-- Task input follows --

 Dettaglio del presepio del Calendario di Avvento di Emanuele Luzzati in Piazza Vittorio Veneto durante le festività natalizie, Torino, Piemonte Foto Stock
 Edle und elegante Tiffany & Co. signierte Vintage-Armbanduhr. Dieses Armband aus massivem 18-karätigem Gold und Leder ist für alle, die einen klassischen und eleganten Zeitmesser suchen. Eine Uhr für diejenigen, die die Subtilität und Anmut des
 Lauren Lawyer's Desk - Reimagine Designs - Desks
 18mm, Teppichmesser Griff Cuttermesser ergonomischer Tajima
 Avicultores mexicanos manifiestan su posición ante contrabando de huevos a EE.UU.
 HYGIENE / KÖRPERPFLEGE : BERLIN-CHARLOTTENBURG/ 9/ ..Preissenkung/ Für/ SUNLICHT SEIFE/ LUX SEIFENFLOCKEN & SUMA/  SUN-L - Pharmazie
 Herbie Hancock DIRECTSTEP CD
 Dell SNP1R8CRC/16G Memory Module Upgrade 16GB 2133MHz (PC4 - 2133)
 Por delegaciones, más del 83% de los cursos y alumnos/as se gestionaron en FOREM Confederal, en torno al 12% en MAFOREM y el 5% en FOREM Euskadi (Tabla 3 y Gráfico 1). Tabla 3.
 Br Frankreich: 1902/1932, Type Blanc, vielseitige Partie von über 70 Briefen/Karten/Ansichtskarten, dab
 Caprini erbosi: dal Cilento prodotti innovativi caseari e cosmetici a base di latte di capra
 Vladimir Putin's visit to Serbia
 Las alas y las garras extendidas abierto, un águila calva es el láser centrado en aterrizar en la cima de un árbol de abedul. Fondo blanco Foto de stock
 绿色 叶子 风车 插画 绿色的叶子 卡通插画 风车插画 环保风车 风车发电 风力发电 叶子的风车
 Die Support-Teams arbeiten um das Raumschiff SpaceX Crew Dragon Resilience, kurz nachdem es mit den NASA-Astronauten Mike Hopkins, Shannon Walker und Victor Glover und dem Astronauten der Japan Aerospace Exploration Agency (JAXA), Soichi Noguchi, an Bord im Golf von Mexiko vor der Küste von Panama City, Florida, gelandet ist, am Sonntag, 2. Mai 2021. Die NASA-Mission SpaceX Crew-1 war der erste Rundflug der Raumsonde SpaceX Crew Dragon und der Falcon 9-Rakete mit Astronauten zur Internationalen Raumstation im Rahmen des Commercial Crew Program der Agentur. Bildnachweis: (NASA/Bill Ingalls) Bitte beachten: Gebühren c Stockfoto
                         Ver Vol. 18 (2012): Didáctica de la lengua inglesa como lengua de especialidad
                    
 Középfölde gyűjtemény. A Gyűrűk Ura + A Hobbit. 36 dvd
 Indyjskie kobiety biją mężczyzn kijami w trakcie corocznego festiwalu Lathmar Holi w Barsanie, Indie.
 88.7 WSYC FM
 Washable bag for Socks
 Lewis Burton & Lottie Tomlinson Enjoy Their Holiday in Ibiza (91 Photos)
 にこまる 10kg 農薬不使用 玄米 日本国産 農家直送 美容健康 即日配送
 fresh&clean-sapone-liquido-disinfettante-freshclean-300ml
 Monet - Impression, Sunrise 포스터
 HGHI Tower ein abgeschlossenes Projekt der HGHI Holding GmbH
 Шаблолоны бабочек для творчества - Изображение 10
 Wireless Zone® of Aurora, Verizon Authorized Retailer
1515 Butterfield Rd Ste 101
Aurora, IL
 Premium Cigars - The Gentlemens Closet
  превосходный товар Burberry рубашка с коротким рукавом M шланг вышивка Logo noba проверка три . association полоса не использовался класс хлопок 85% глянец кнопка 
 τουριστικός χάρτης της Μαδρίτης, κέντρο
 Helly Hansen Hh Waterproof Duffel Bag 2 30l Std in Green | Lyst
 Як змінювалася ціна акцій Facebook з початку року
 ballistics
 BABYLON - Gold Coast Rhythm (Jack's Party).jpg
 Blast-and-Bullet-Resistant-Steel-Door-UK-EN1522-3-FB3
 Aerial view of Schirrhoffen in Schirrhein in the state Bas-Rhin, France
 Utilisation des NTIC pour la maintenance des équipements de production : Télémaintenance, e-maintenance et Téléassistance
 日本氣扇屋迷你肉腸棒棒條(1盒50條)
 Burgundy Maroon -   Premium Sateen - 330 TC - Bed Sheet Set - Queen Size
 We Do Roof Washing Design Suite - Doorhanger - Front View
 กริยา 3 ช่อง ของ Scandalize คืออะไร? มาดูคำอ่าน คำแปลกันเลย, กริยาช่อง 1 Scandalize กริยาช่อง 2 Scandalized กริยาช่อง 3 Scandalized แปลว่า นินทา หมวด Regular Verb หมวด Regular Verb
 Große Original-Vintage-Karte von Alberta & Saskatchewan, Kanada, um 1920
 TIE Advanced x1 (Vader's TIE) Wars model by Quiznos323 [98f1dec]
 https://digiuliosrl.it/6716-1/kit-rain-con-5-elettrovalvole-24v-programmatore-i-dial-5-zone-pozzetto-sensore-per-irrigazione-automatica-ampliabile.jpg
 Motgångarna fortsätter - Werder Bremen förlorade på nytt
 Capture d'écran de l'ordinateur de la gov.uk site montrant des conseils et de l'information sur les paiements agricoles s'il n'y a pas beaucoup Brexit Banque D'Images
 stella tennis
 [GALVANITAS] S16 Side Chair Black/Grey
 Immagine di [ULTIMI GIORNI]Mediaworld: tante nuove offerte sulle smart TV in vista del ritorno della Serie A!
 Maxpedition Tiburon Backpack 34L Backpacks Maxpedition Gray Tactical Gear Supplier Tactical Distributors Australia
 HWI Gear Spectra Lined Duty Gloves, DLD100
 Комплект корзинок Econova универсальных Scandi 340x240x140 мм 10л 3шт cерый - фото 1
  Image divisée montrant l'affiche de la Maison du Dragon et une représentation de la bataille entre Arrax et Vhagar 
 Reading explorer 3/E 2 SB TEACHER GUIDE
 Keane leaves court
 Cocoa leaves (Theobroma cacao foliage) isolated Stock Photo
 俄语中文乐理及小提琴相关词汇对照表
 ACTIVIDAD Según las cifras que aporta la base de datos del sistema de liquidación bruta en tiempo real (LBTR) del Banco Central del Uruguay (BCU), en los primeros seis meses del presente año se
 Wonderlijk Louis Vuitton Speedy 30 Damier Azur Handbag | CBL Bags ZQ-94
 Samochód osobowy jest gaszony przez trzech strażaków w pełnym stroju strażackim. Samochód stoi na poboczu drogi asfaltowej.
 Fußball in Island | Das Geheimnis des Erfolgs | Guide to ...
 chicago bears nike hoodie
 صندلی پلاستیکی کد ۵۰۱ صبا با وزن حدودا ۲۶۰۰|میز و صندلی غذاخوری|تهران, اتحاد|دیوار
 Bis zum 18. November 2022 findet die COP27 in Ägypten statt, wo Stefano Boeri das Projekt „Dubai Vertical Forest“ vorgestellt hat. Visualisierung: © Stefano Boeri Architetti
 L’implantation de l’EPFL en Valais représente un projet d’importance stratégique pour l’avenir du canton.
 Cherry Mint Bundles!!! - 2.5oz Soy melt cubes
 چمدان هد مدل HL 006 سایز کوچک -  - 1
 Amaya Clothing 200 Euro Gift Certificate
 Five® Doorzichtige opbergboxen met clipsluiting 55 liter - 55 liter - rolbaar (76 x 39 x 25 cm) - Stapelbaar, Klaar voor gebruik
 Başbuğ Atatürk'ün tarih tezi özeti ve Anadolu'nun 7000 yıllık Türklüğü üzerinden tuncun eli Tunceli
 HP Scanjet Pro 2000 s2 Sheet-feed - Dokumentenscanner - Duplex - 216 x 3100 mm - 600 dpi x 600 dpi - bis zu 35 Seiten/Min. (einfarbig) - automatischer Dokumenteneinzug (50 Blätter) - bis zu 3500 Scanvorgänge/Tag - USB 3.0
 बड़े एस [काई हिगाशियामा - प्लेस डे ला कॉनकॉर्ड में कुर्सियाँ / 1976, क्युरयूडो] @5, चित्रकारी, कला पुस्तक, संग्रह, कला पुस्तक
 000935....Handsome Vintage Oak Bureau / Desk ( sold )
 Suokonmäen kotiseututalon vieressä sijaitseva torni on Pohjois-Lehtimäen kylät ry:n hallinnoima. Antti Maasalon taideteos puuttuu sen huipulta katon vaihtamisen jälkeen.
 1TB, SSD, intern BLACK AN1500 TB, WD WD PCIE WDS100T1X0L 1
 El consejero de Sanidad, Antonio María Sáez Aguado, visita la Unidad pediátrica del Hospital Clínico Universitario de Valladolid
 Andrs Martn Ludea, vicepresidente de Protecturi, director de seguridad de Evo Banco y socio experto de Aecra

-- Task input concluded --

Looking at the listing above, count the lines that contain "Premium" and give nothing but the number.

## [Problem solution]
2